START Data
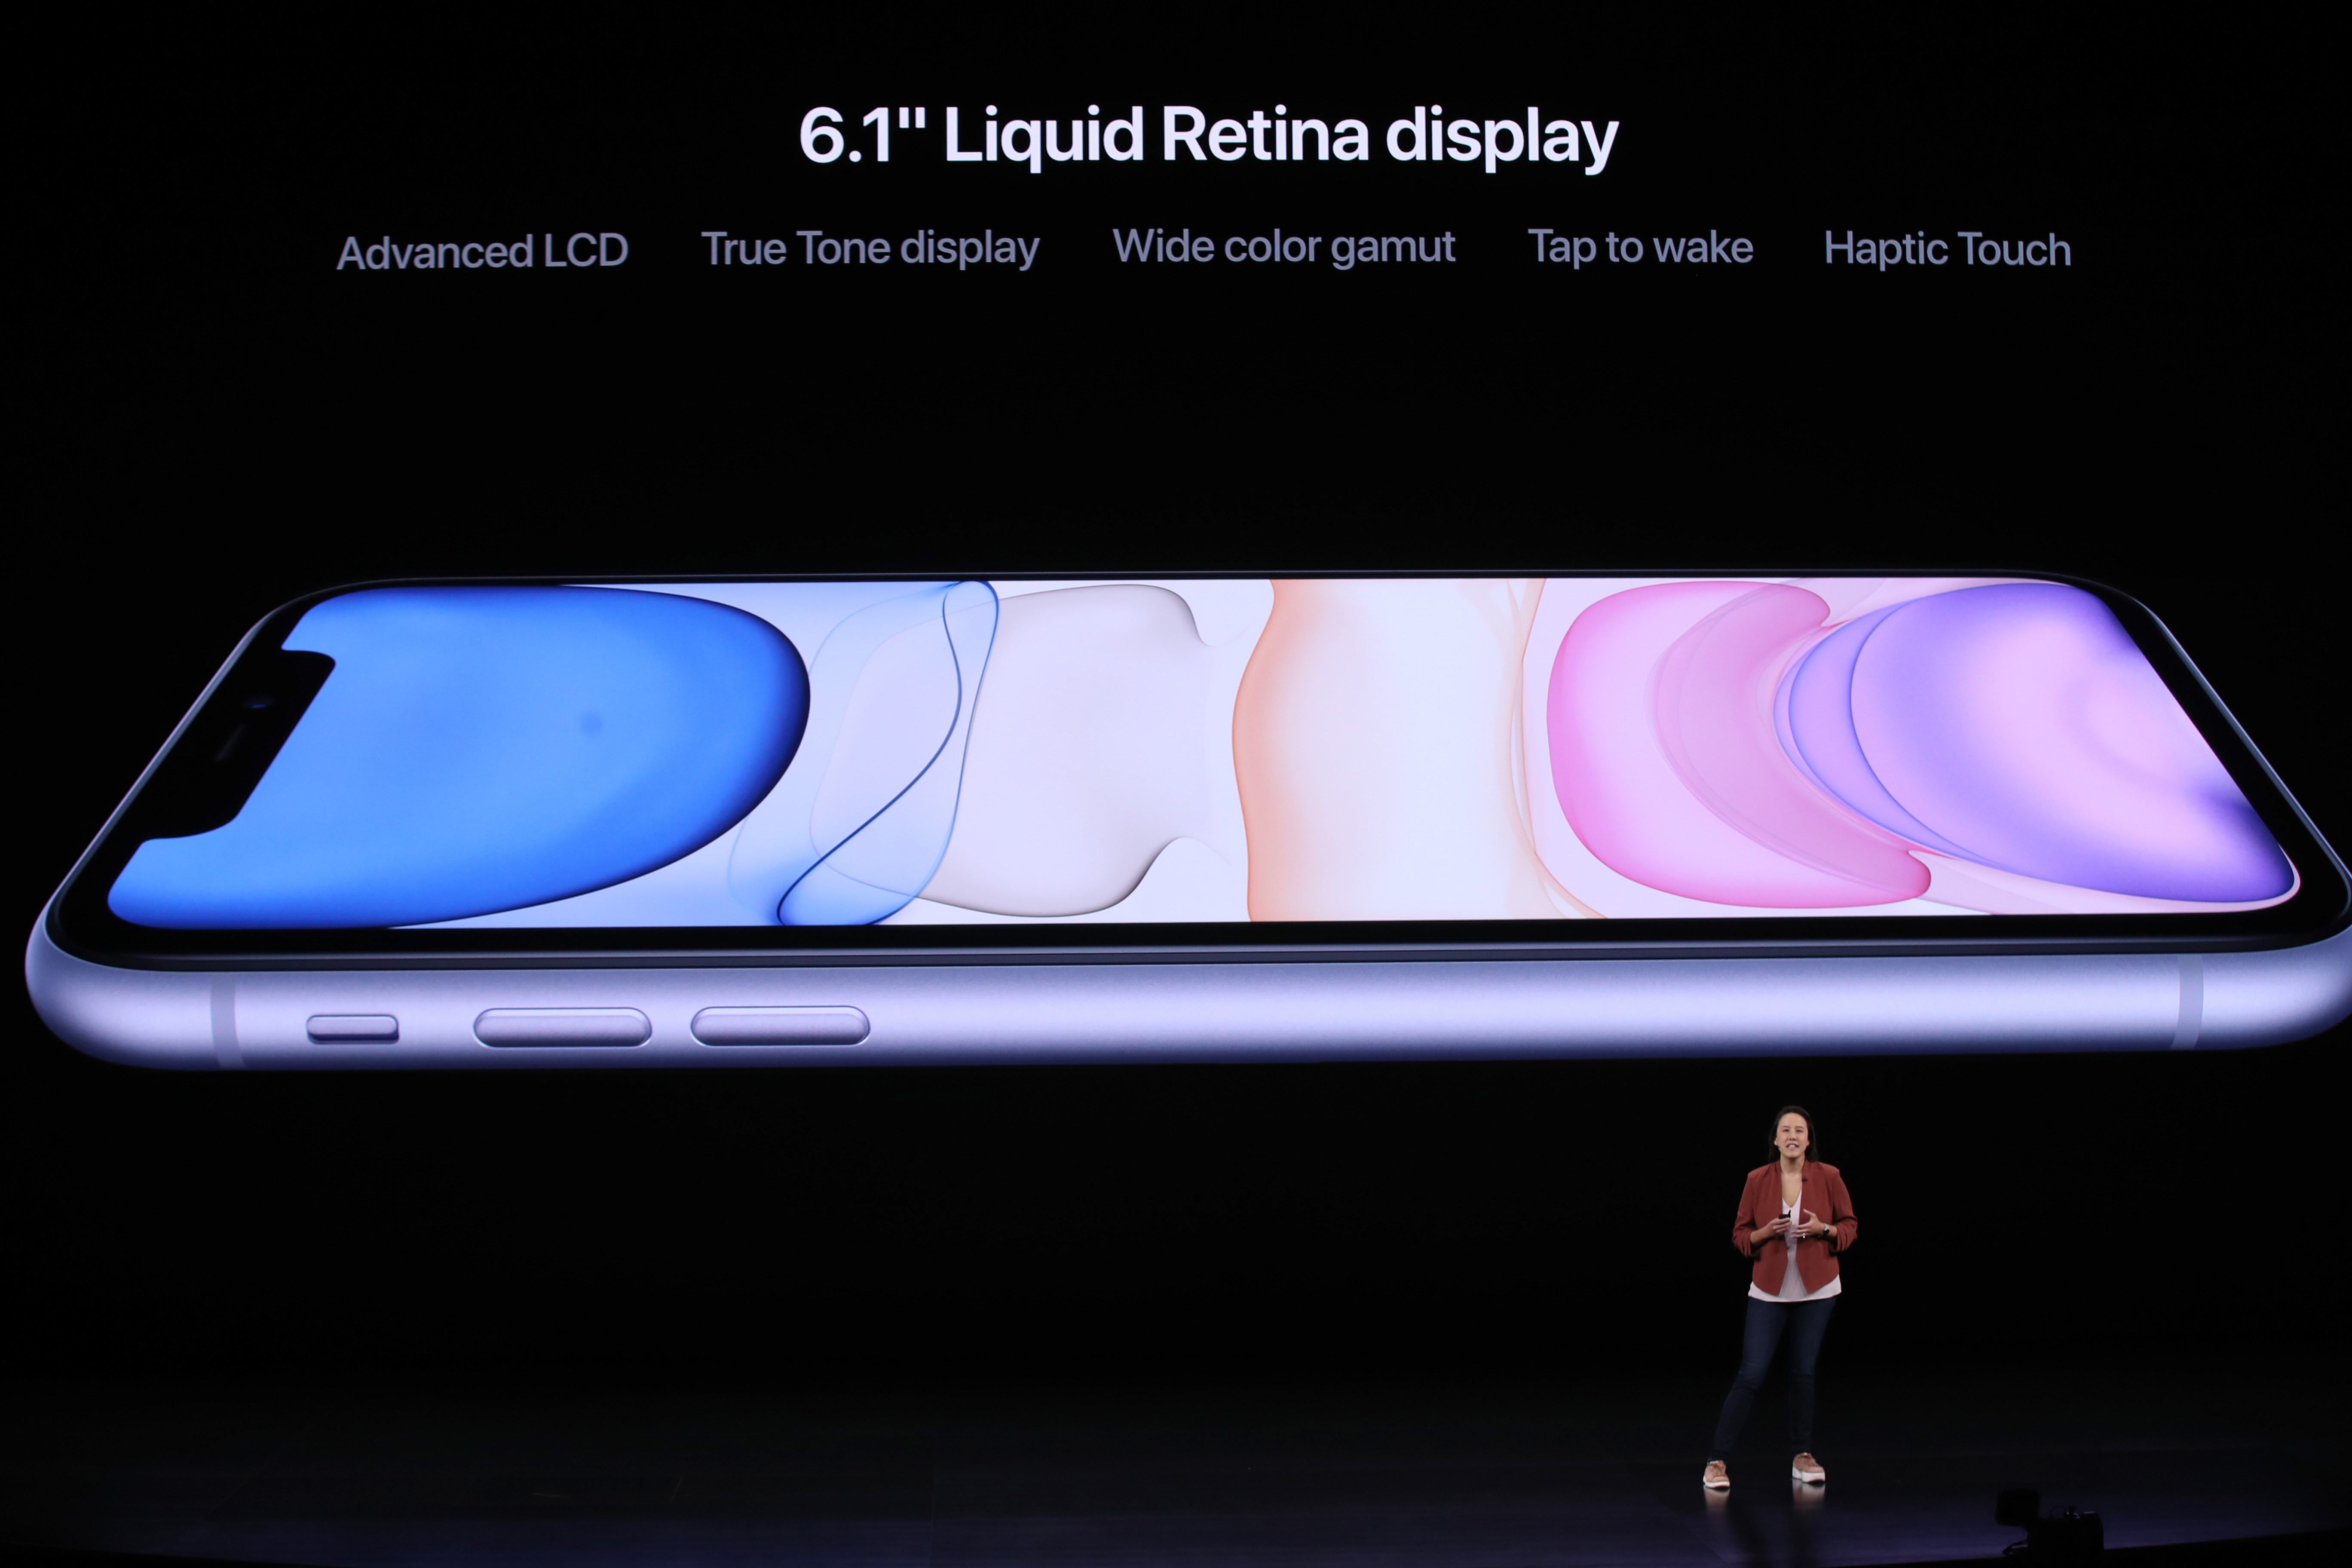 Kaiann Drance de Apple habla sobre el nuevo iPhone 11. (Foto Prensa Libre: AFP)
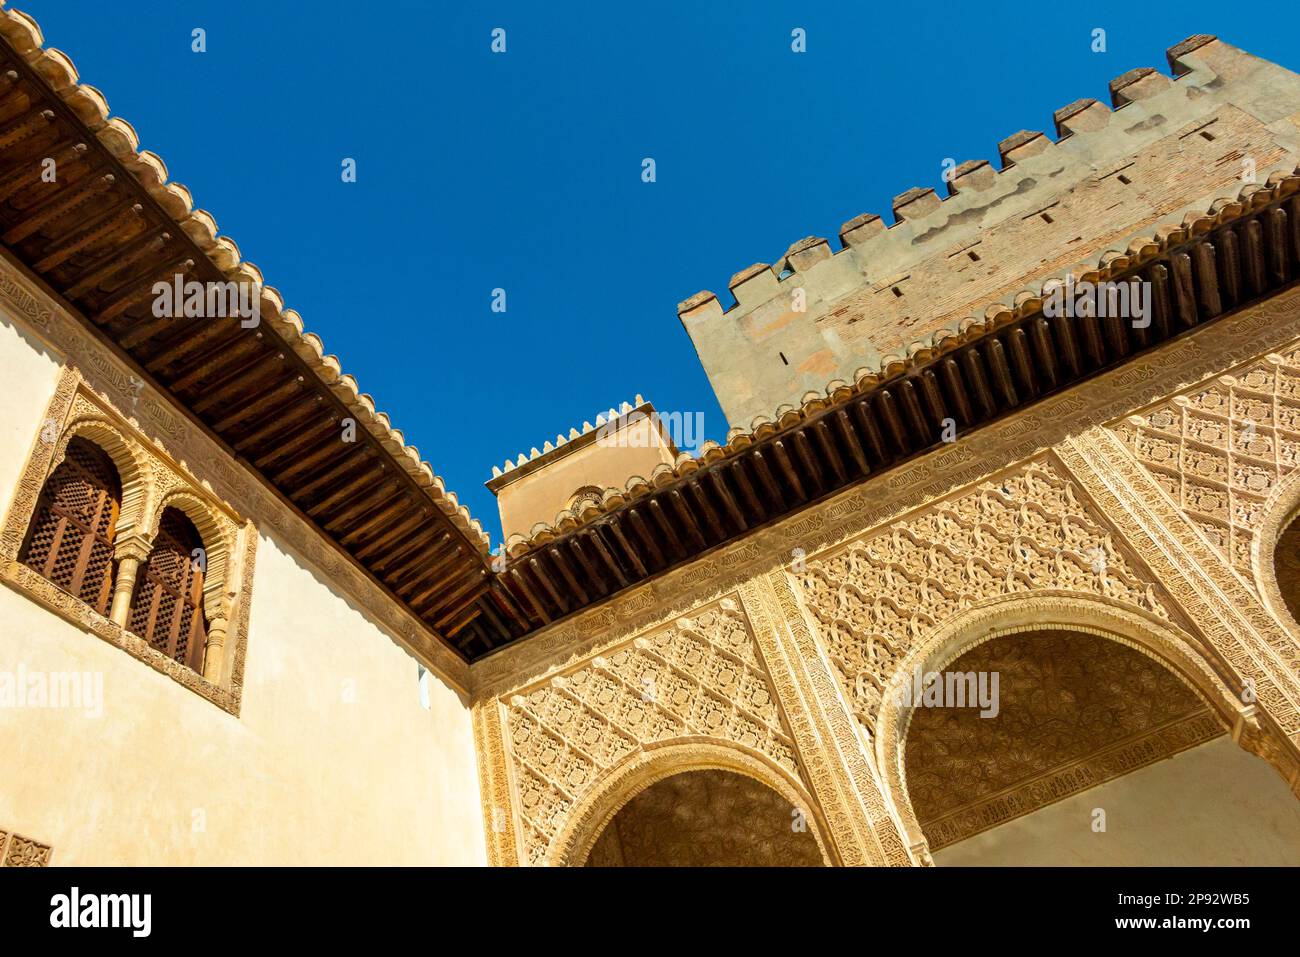 Decorazioni islamiche nel Palazzo dell'Alhambra a Granada Andalucia Spagna Sito Patrimonio dell'Umanità dell'UNESCO e principale attrazione turistica. Foto Stock
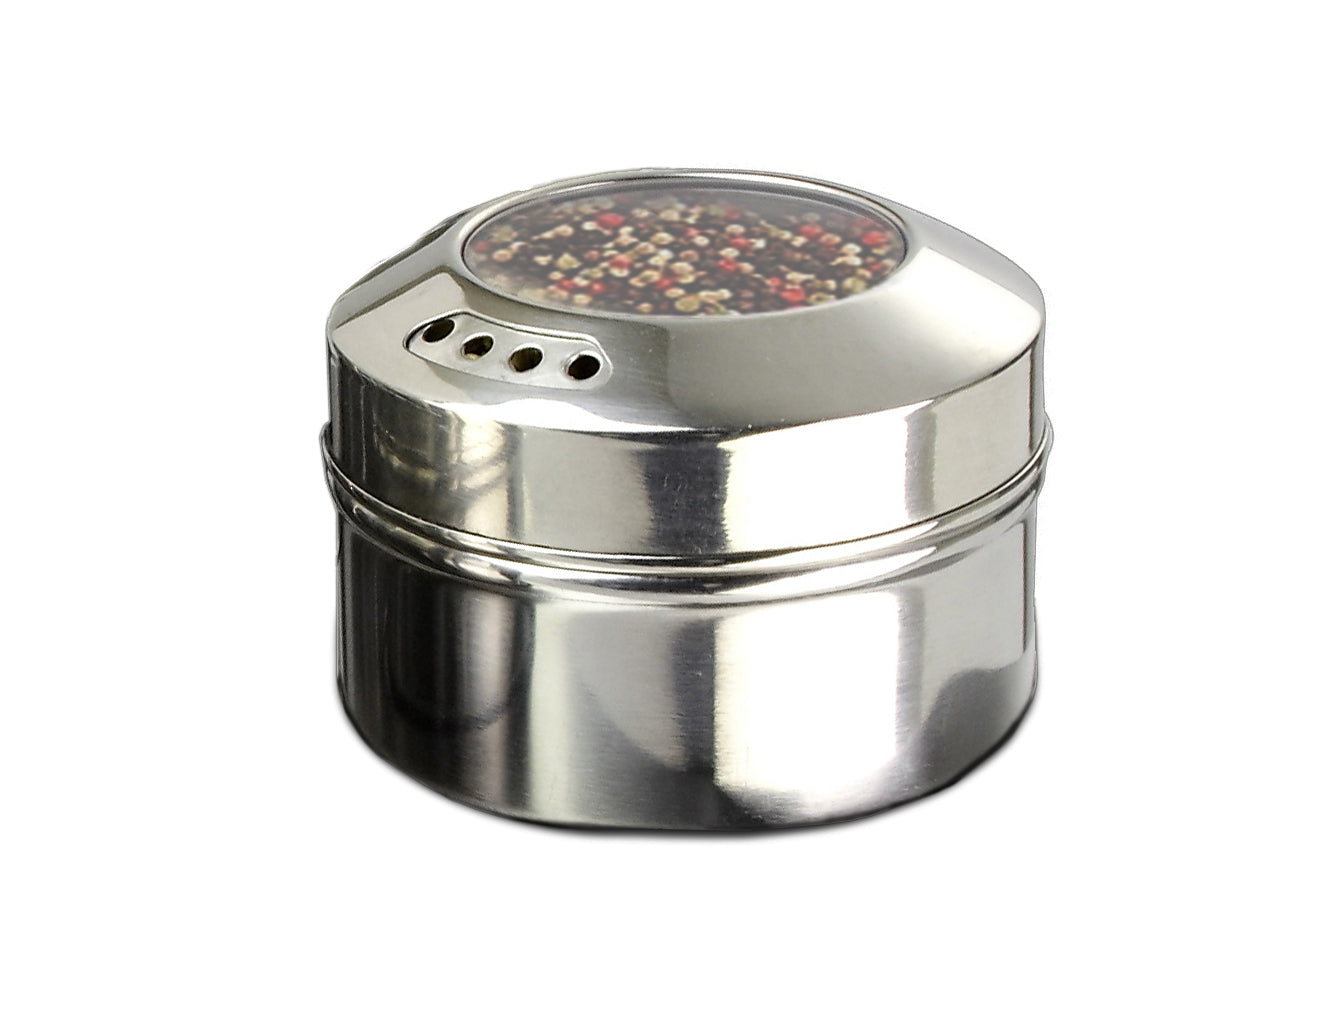 Boîte à épices magnétique Cuisinox / Shaker
END Data
**Task goal**:
The pictures are not wanted, but every line of the listing should be duplicated exactly.

**Task output**:
 Kaiann Drance de Apple habla sobre el nuevo iPhone 11. (Foto Prensa Libre: AFP)
 Decorazioni islamiche nel Palazzo dell'Alhambra a Granada Andalucia Spagna Sito Patrimonio dell'Umanità dell'UNESCO e principale attrazione turistica. Foto Stock
 Boîte à épices magnétique Cuisinox / Shaker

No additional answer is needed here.